10. LIQUIDATION OF THE ASSOCIATION
a. The Association may be liquidated at a General Meeting by the majority of Members present, provided thirty (30) days notice of motion has been given to all Members through a special newsletter. A quorum must be present. Proxy votes will be allowed in writing by a singular postal vote (hard copy or email) submitted no later than ten days prior to the General Meeting. Votes to be sent to a nominated person/scrutineer. Any winding up resolution must be confirmed at a second general meeting, called not less than thirty (30) days after the first meeting, to pass a resolution confirming the earlier decision to wind up the Association. At the second meeting the confirming resolution will be passed if approved by a simple majority of all valid votes cast by the Members voting in person. If the confirming resolution is lost, then the earlier resolution shall lapse. If the confirming resolution is passed, the Members shall appoint one or more liquidators to wind up the Association.
b. In the event if the Association being liquidated surplus assts after payment of all costs, debts and liabilities of the Association shall be distributed to a charitable purpose within New Zealand.
11. THE SEAL
The Common Seal of the Association shall be in the custody of the President.
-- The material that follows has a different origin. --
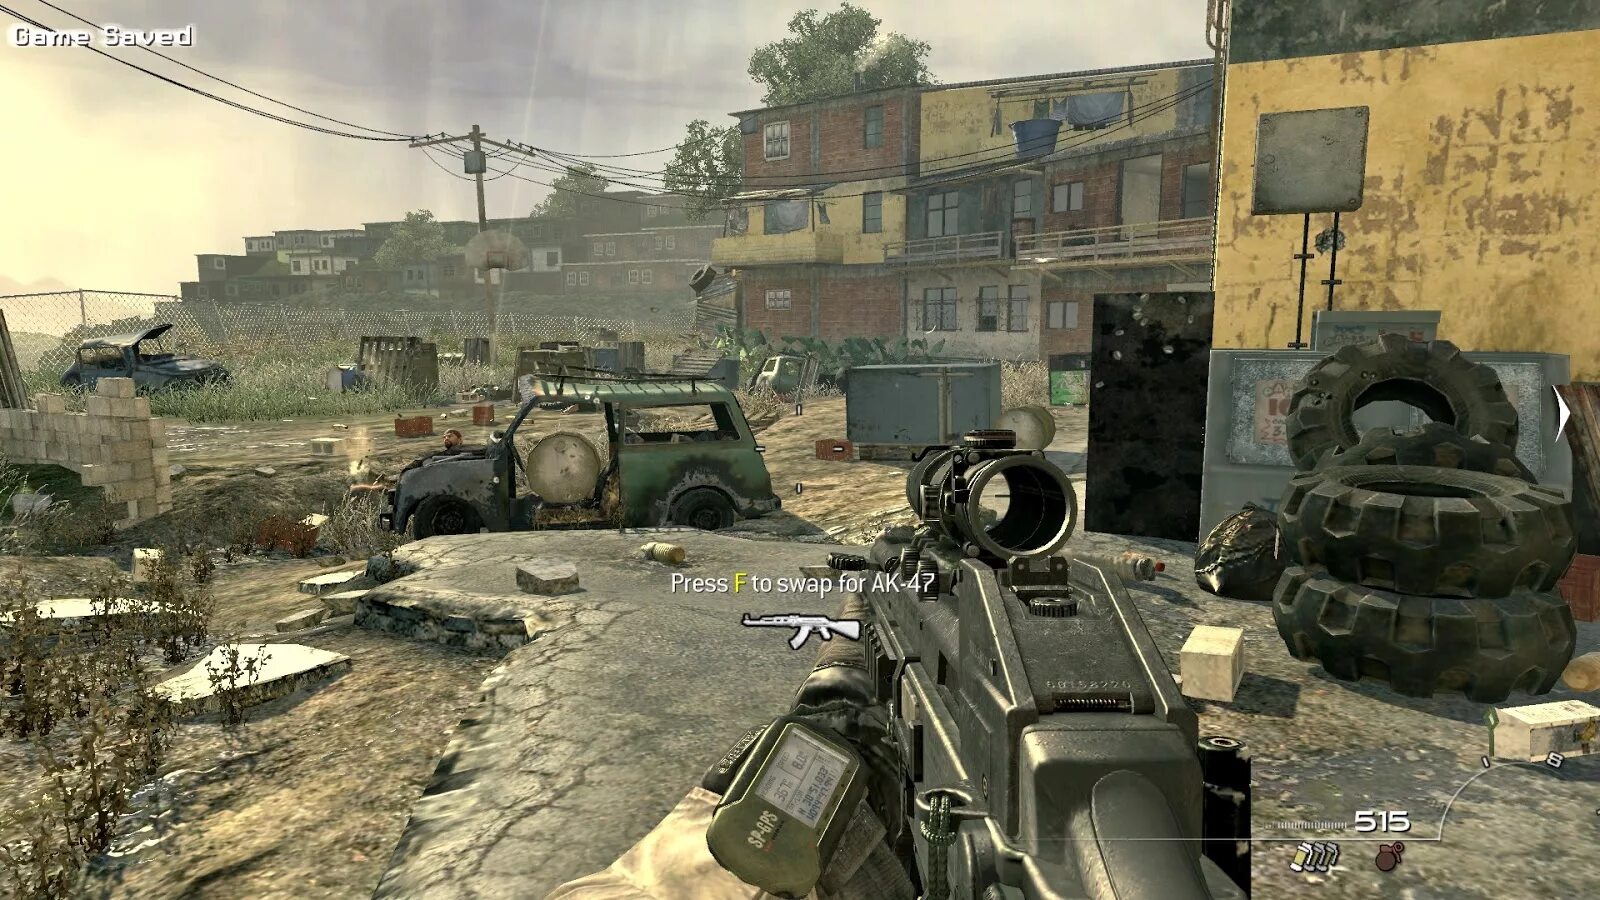 Modern Warfare 2. Call of Duty 4 Modern Warfare 2. Cod 2 Modern Warfare 2. Call of Duty mw2. Требования кал оф дьюти модерн варфаер 2

Two Members of the Committee shall be present with the President when it is used.
12. CONSTITUTIONAL AMENDMENTS
a. The whole or part of this constitution may be added to, amended or rescinded at any General Meeting, provided that notice of the motion has been given in writing to all Members at least thirty (30) days prior to the General Meeting. A quorum must be present and the motion passed by two-thirds majority.
b. Every such notice shall set out in full the proposed amendment.
c. Duplicate copies of every amendment shall forthwith be delivered to the Registrar in accordance with the requirements of the Incorporated Societies Act 1908.
d. Provided always that any such addition, amendment or recision shall be valid and effective if, and only if, it does not affect or detract from the exclusively charitable nature of the Society.
13. NEW ZEALAND SYMPOSIA
All documentation, contracts and seeding money will be held in trust by the Association to enable consistency and support for all future Symposia. Upon the future Symposia Committee agreeing to any conditions imposed by Aotearoa Quilters, Aotearoa Quilters will pass on base documents, seeding money, contracts, timetables and other information to future Symposia Committees to enable them to easily deliver future Symposia.
a. The registered office of the Association shall be the address of the current treasurer.
b. The accounts of the Association shall be audited by an auditor to be appointed each year at the Annual General Meeting.
c. Any notice of motion for Constitutional Amendments or dissolution must be moved and seconded, and be put in writing to the Executive to be recorded in the minutes.
d. The constitution shall be available for inspection by any financial Member of the Association at any General Meeting or with any written request.
e. Every dispute between a Member under this Constitution and the Association or its officers shall be decided by the Committee and the decision shall be binding.
f. In the interpretation of the Constitution the decision of the committee shall final and binding.
The change of Name to Aotearoa Quilters National Association of New Zealand Incorporated was approved at the 17th Annual General Meeting held in Hamilton on 10 September 2011.